Unreachable global discovery server slows down connection loop

acolomb · May 22, 2023, 7:33pm

I’ve been researching a bit recently why my devices seem to take ages to find each other over the Internet, or even locally for Android devices with broken local discovery. Now I think I found the culprit and I suppose the connection loop handling should be adjusted to avoid such delays.

I once configured a discovery server on a company LAN to rendezvous with other devices on that network without internet access (blocked by firewall for the respective network segment). Added that to each of those devices, as well as to my laptop (daily-use developer machine). While on that company LAN, it worked perfectly fine. Now I’m seldomly connected to that company network, working from a different location and usually don’t have the VPN active. So the custom global discovery server address is usually unreachable.

There are 40 remote devices configured on that laptop and judging from the logs, it takes about half a minute per device before it notices the discovery server isn’t available. Lookups on the other (default) global discovery servers seem to be interspersed, but usually I only see them mentioned in the discover debug facility when the lookup fails as well (e.g. with a 404 Not Found error). I haven’t clearly identified a pattern what happens in which order, but it appears to be waiting for each remote device to fail the discovery server lookup once, only then goes to the next round of trying to connect, this time asking a different server.

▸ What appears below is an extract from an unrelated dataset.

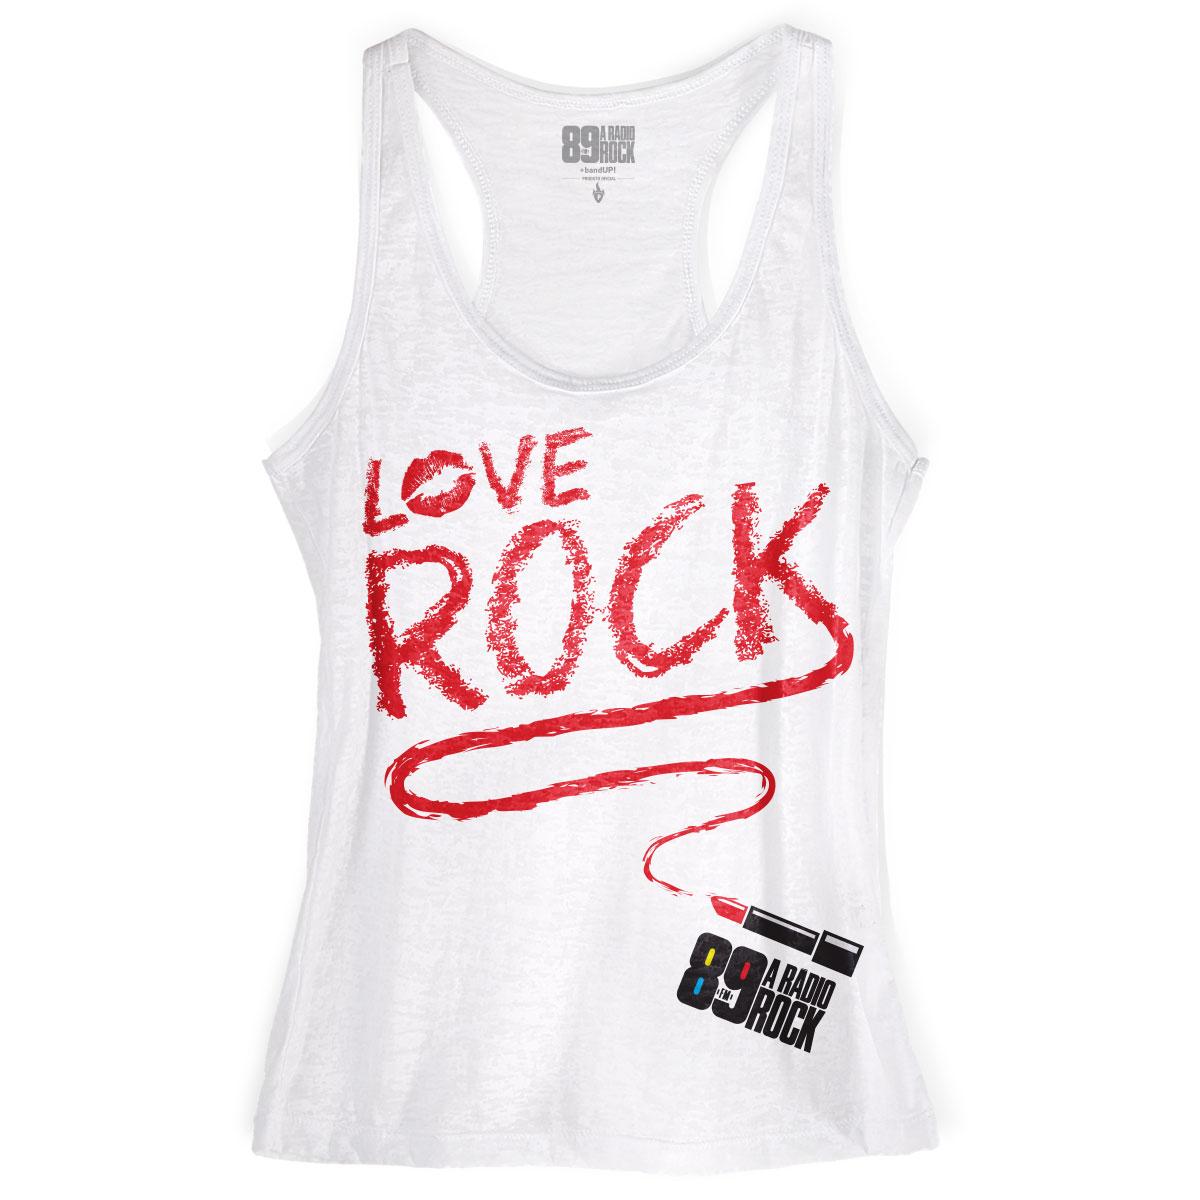 Regata Nadador Feminina 89FM Love Rock
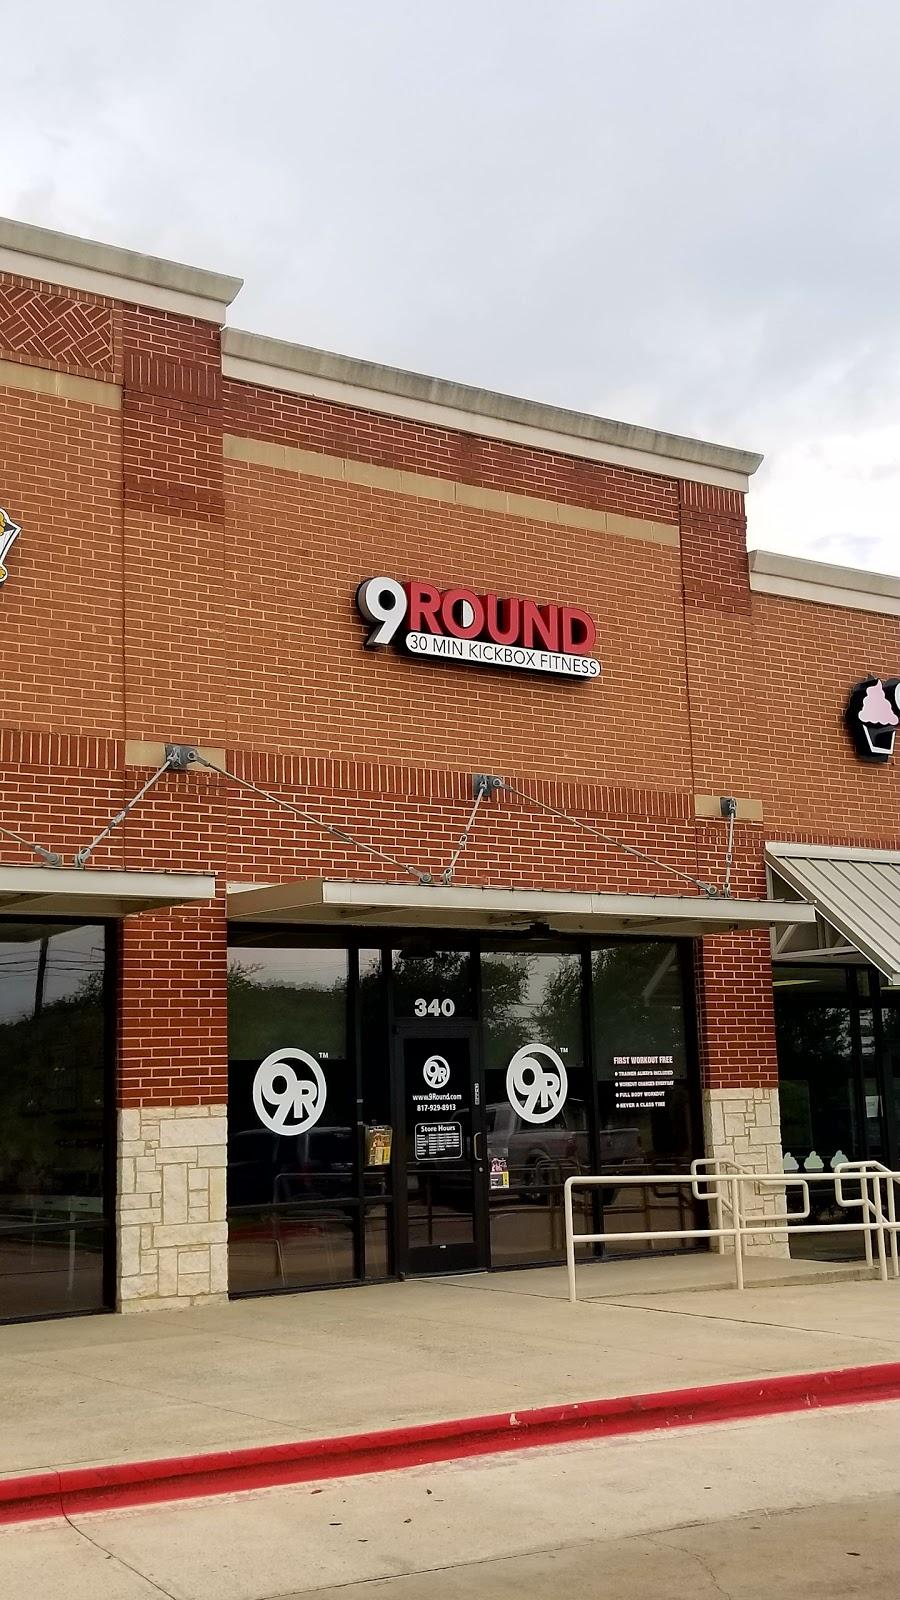 9Round Keller - gym  | Photo 5 of 7 | Address: 900 S Main St #340, Keller, TX 76248, USA | Phone: (817) 929-8913

I’ve already tried reducing the reconnectionIntervalS option from 60 to 10 seconds, which helped a bit, but the whole dance still takes easily 15 to 20 minutes before some connections are made. Even one remote device which has an explicit tcp://... address set in addition to dynamic won’t connect faster.

Removing the “broken” / unreachable discovery server from the config vastly speeds up the initial connections.

So apparently some things are serialized and delayed by waiting for timeout errors, where the discovery lookups should be handled in parallel. I haven’t grokked the code enough yet to pinpoint it myself, so hoping someone with better knowledge of the “connection loop” concept can explain what’s going on. I’d even classify this as a bug, because the intention is to attempt many connections in parallel, possibly replacing “worse” ones regularly. If any one of several discovery servers is unreachable, that shouldn’t significantly slow down the process, but failover / connect redundantly to the other discovery servers.

calmh · May 22, 2023, 8:08pm

From memory, the way it works is that it collects addresses in step one, then dials them concurrently (-ish, there’s some prioritization and whatnot going on) in step two. I don’t think it was anticipated that the address collection step would be time consuming. Probably the global discovery instance should be smart enough to tag the server as down after a few attempts and then return “unavailable” quickly for a while.

system · June 21, 2023, 8:08pm

This topic was automatically closed 30 days after the last reply. New replies are no longer allowed.